Une saga de science-fiction militaire ambitieuse où il faut sérieusement s’accrocher pour en apprécier toute la teneur

Premier tome de la trilogie The Machineries of Empire, Le Gambit du Renard est paru dans la collection Lunes D’encre chez Denoël en fin d’année 2018. Depuis, le second tome intitulé Le Stratagème du Corbeau est paru quant à lui en janvier 2020.

Le troisième tome est encore en attente de parution en France à la date où cet article est rédigé (mai 2021).

Yoon Ha Lee est un auteur américain d’origine coréenne, il a écrit quantité de nouvelles avant de publier son premier roman, Le Gambit du Renard.

Une guerre aux enjeux terribles se prépare…

Dans le premier tome, nous suivons la capitaine en disgrâce Kel Cheris.

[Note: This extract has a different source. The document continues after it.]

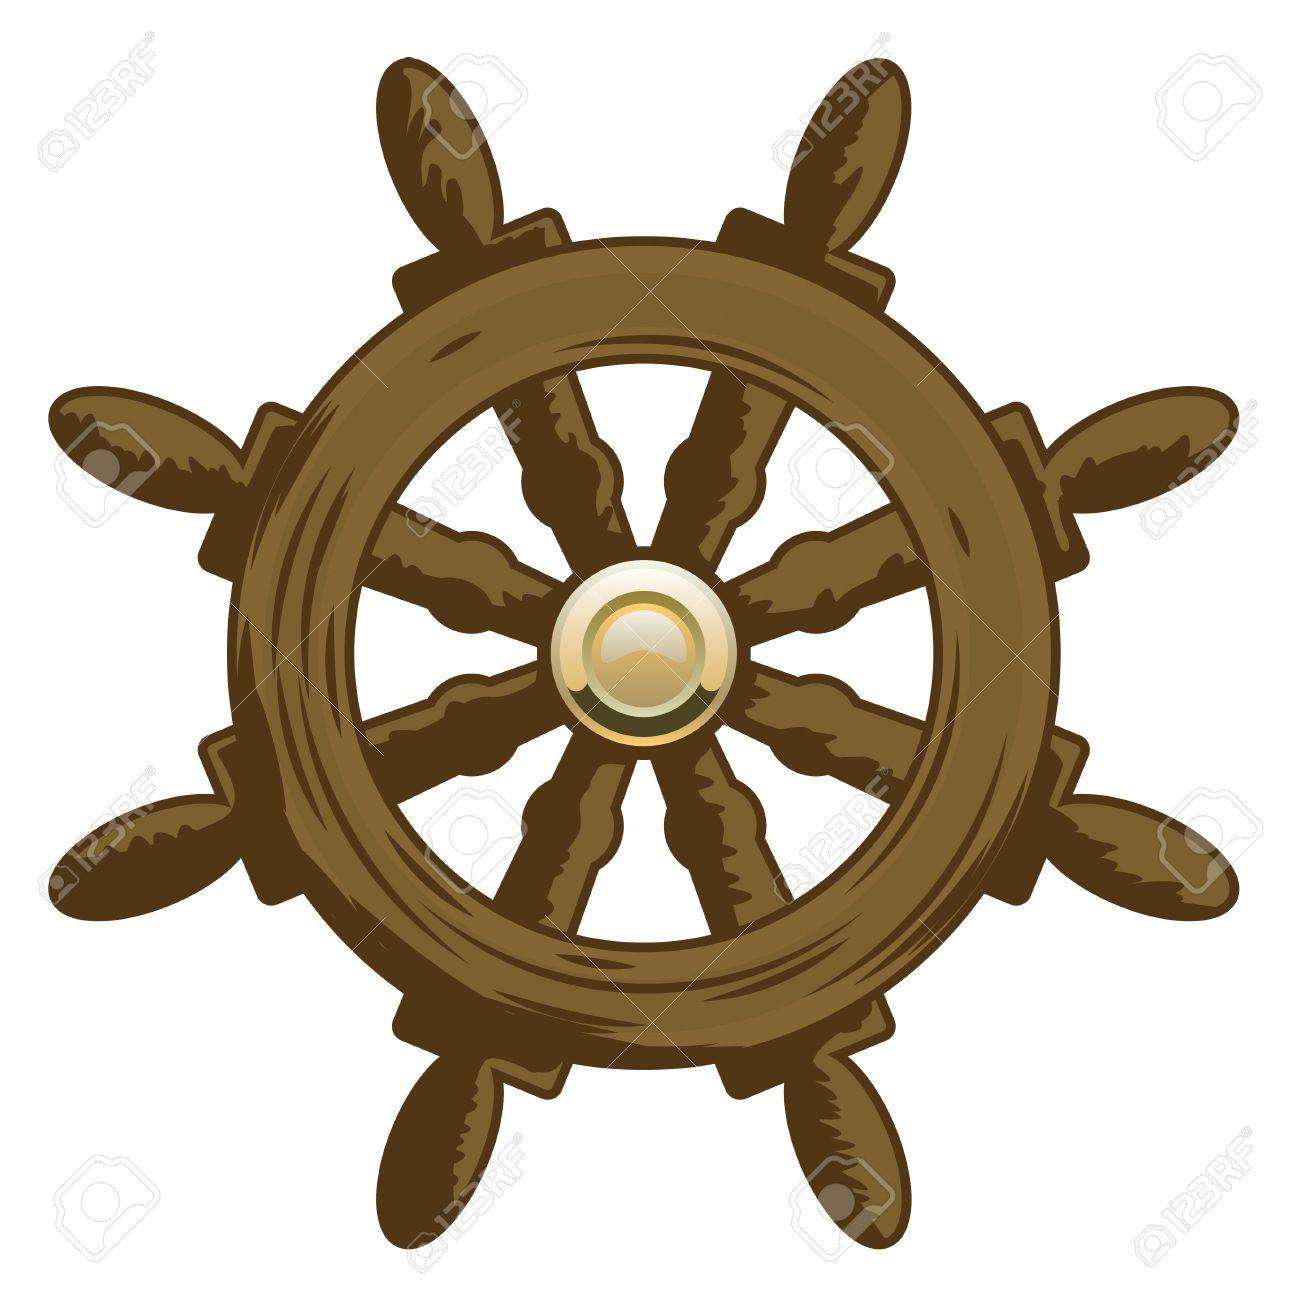 1300x1300 Ship Wheel Clipart

Pour son précédent combat, elle a fait usage d’armes non conventionnelles, cette incartade va lui coûter cher… Sa punition est aussi étrange qu’originale : elle va devoir fusionner son esprit avec un ancien général de guerre mort et travailler avec lui lors de son prochain combat.

Et justement, cette guerre à venir ne se fait pas attendre : Kel Cheris est promue général à titre temporaire et doit tout faire pour mater l’hérésie qui se profile dans la forteresse des Aiguilles Diffuses…

C’est ainsi que Cheris va tout faire pour redorer son blason aux yeux de l’Hexarcat, mais sans avoir nécessairement tous les éléments pour avoir un avis objectif sur cette guerre…

D’une complexité harassante

La saga The Machineries of Empires est d’une ambition folle, c’est le moins que l’on puisse en dire. Mais elle est également d’une complexité telle qu’elle ne conviendra pas à tout le monde. Ce fut mon cas, passée la moitié du premier tome, j’ai commencé à perdre pied.

Mais j’ai voulu insister car j’ai trouvé l’univers intéressant bien que trop nébuleux. En effet, ne vous attendez pas à la moindre explication sur le système des Six Factions ou l’Hexarcat. Vous souhaitez connaître les enjeux ? Comprendre ce qu’est une guerre calendaire ? Il vous faudra lire entre les lignes le peu d’éléments concrets qu’on vous laisse vous mettre sous la dent. Pour le reste… c’est très peu accessible (de mon point de vue).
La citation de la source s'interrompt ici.